Output, exactly as written, the lines below from the one that has "Two women raising" through the one that has "The best Alternate"; nothing else, and no pictures.

**INFORMATION SUPPLIED**
☆ ☆ ☆ ☆ ☆ ☆ ☆

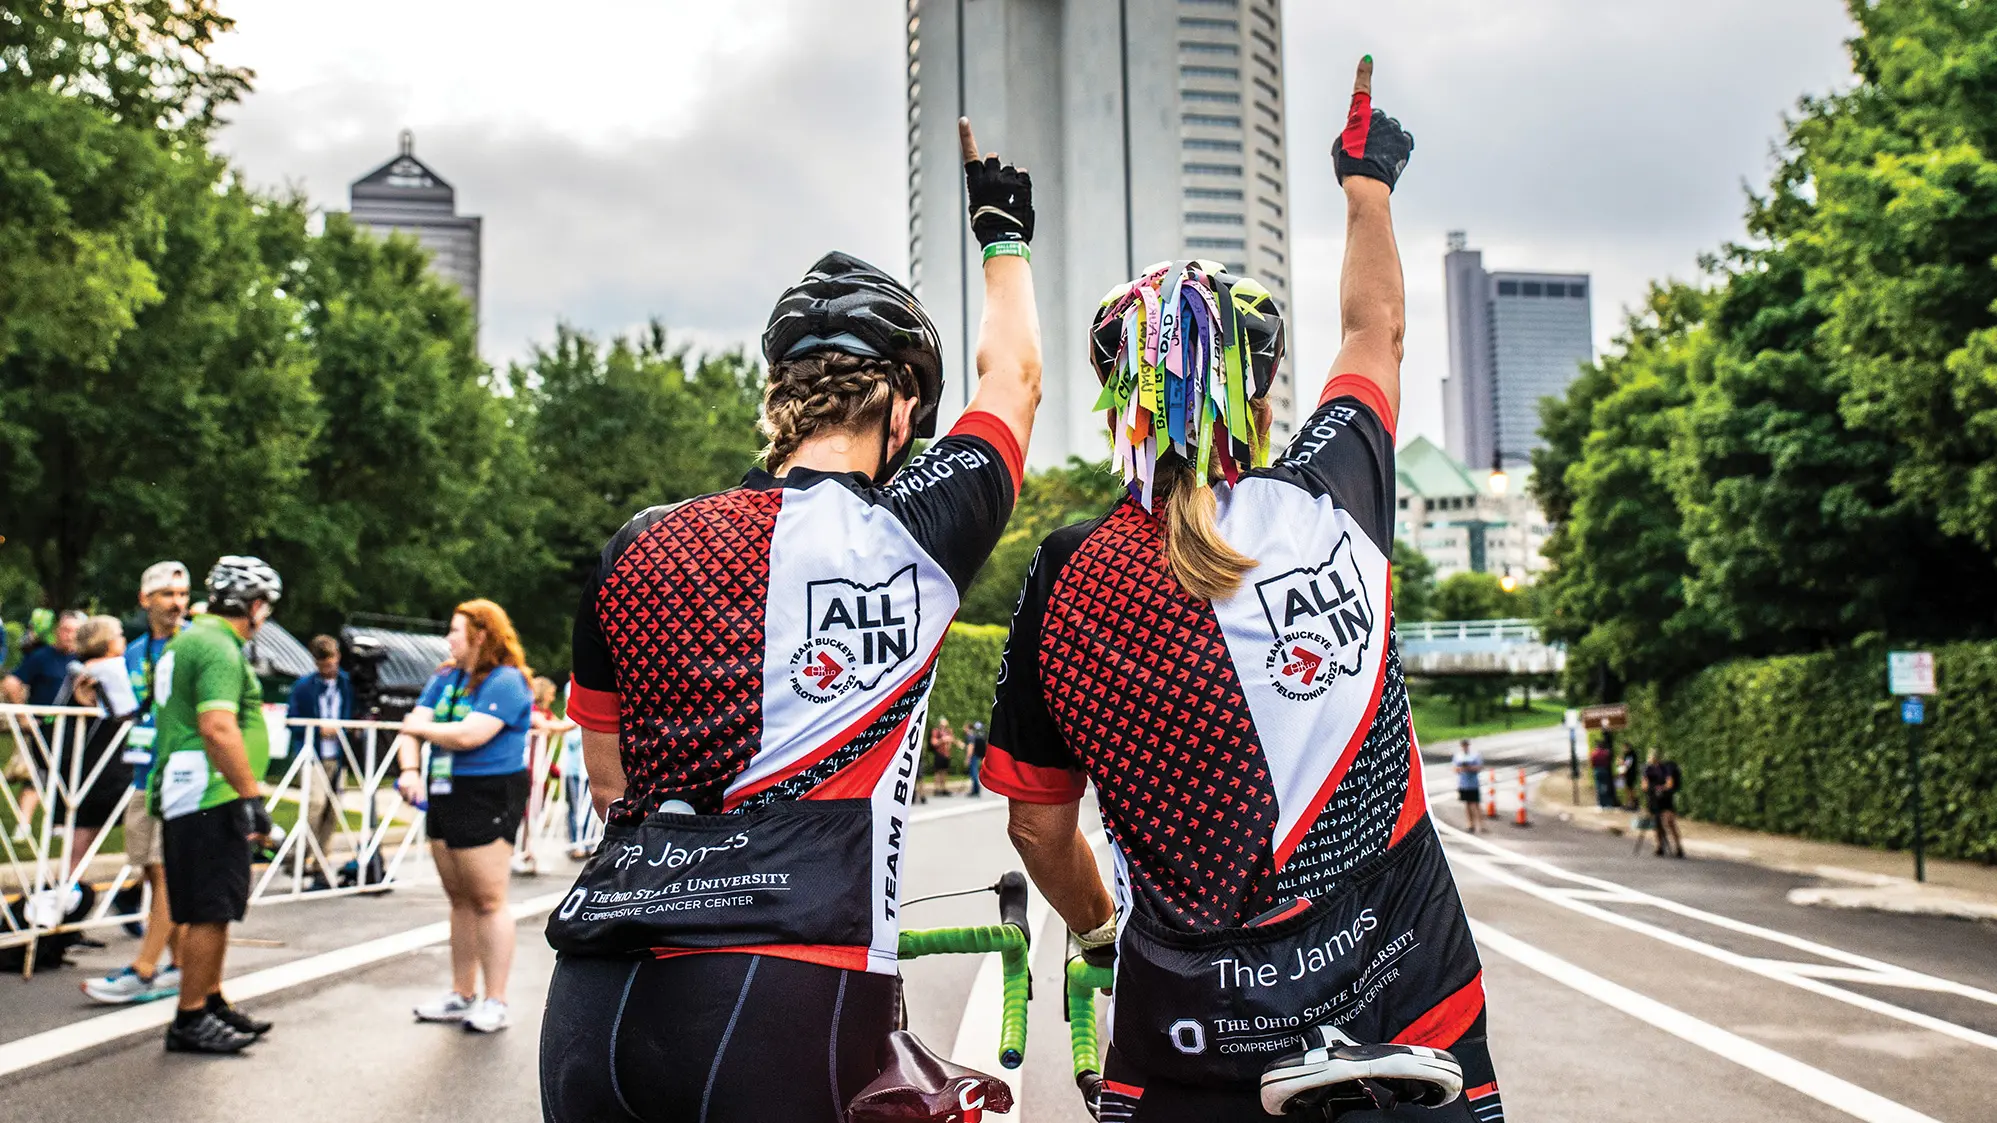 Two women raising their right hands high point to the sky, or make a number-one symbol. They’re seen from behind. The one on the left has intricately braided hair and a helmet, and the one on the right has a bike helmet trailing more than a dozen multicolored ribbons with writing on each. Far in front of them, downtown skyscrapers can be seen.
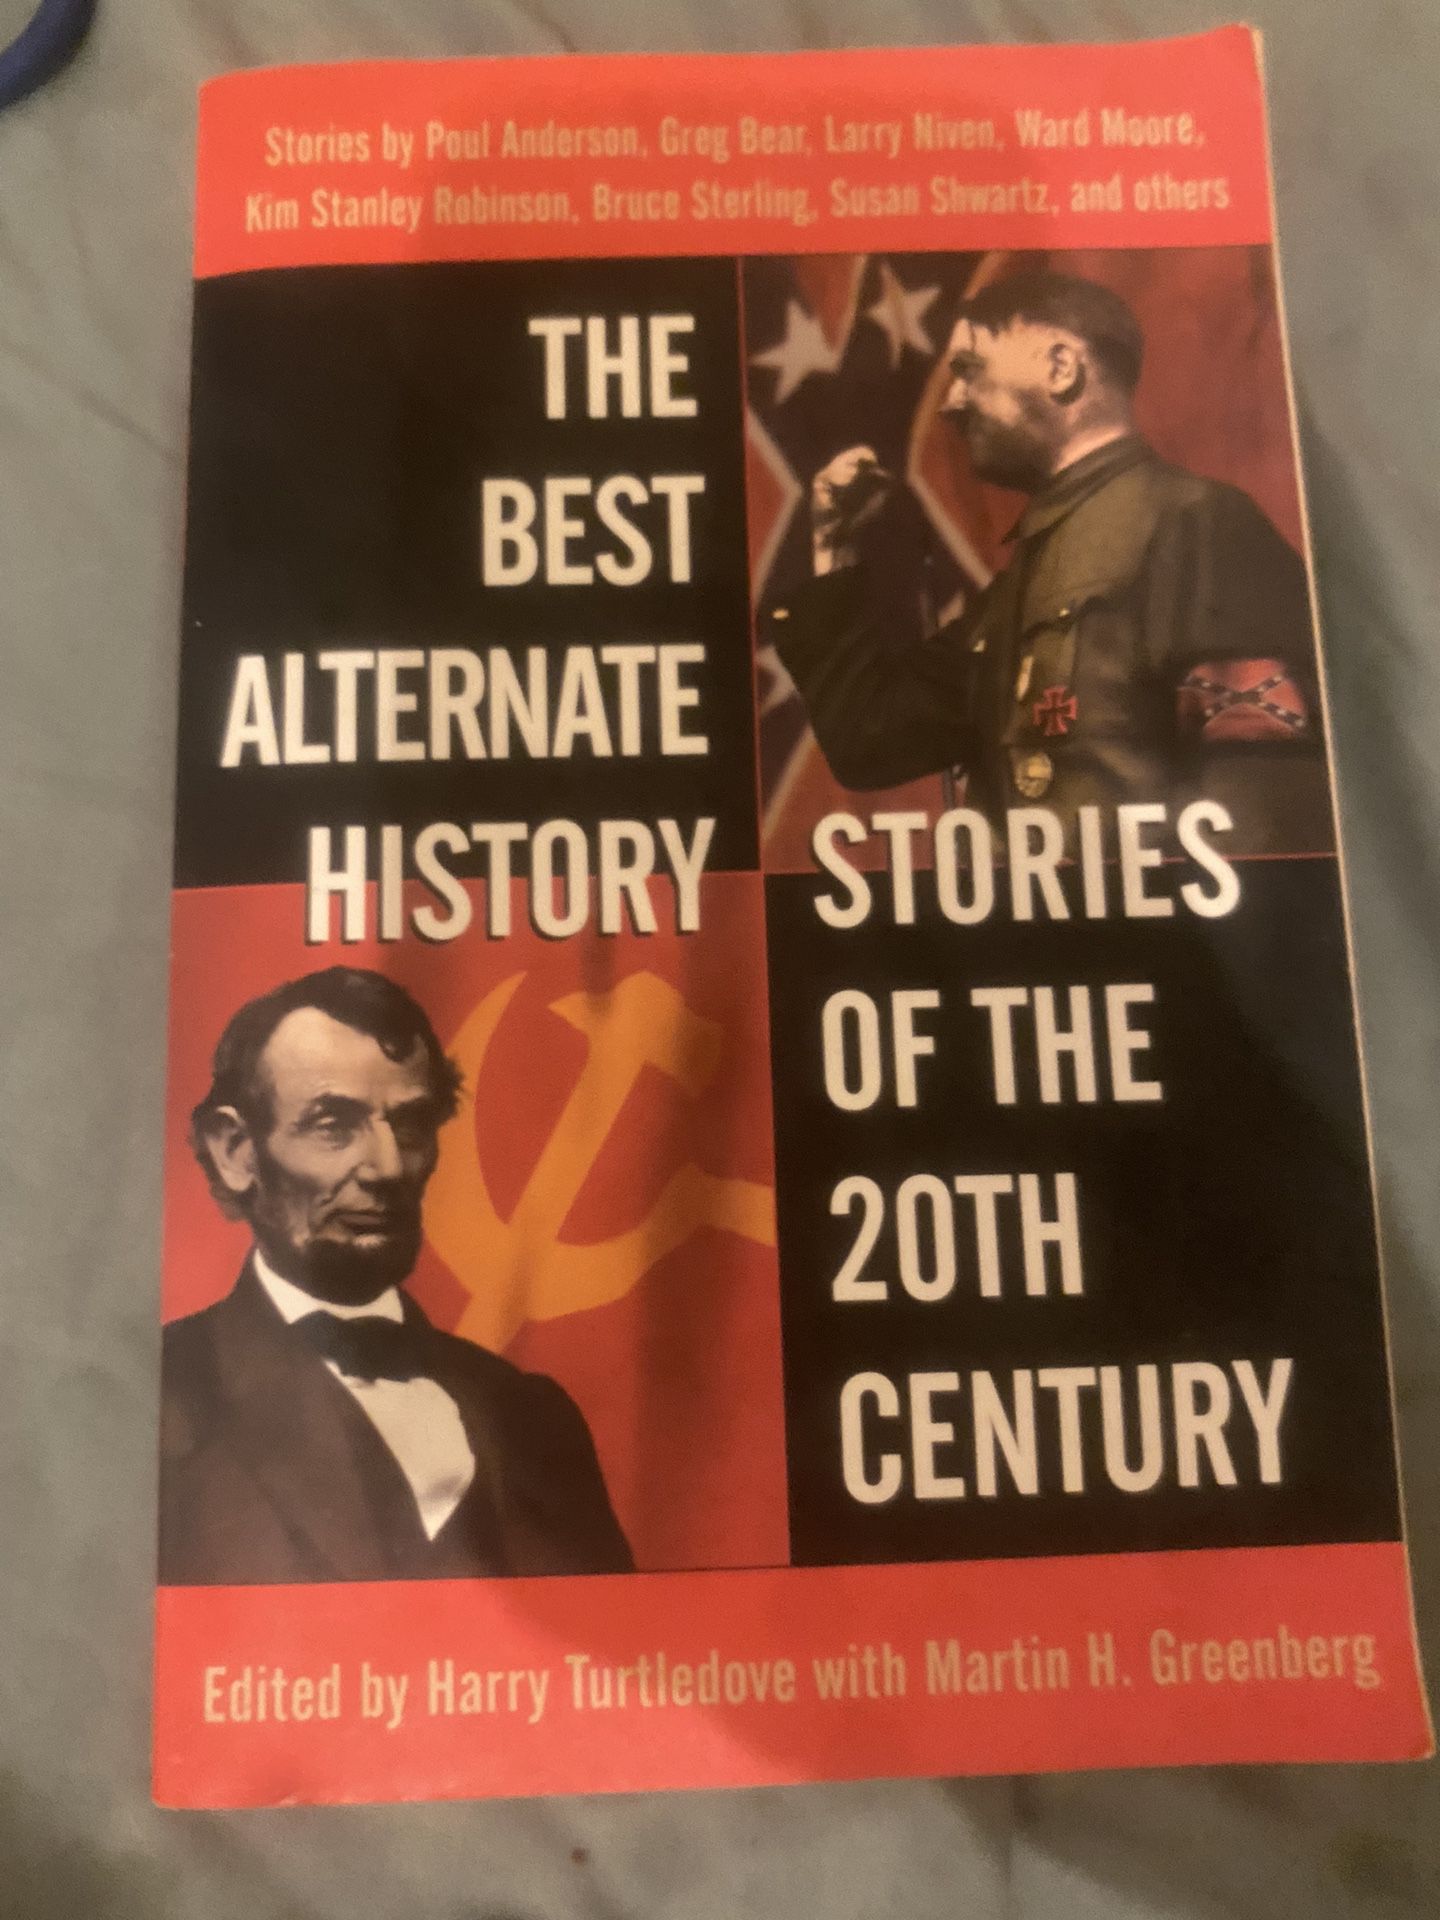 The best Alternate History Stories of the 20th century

☆ ☆ ☆ ☆ ☆ ☆ ☆

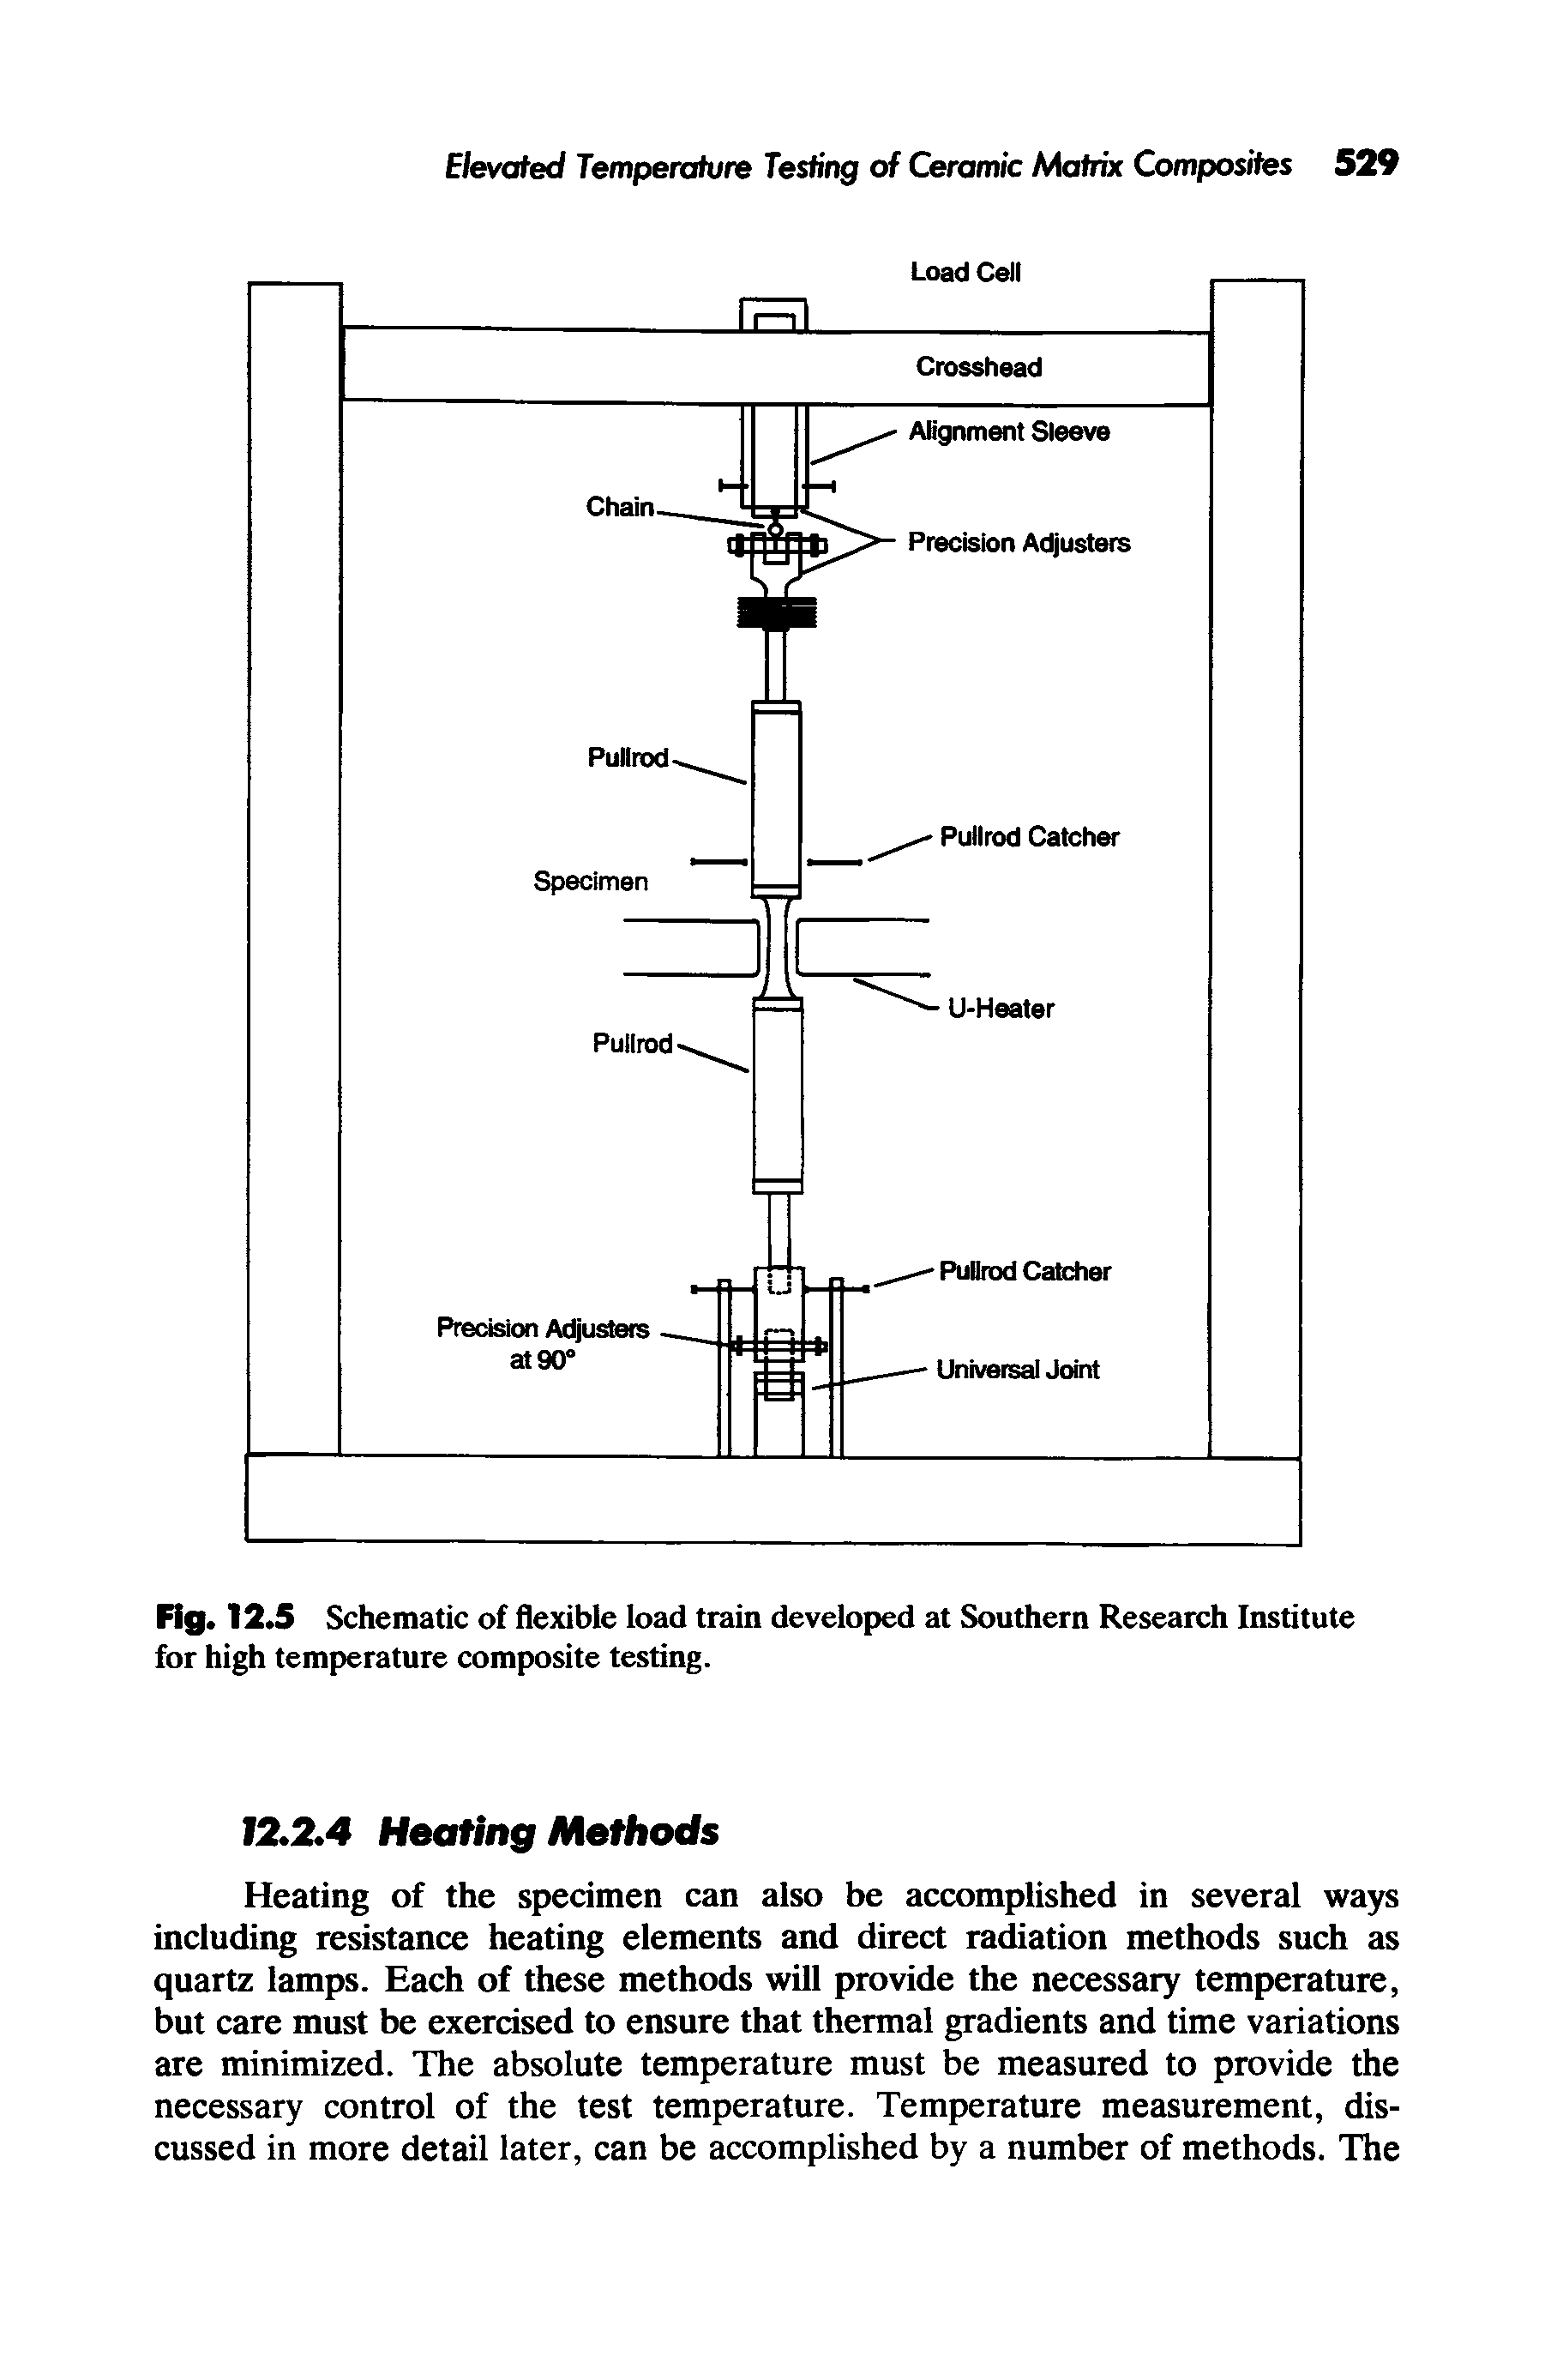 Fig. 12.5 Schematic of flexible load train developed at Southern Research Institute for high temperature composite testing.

☆ ☆ ☆ ☆ ☆ ☆ ☆

**EXERCISE OUTPUT**
 Two women raising their right hands high point to the sky, or make a number-one symbol. They’re seen from behind. The one on the left has intricately braided hair and a helmet, and the one on the right has a bike helmet trailing more than a dozen multicolored ribbons with writing on each. Far in front of them, downtown skyscrapers can be seen.
 The best Alternate History Stories of the 20th century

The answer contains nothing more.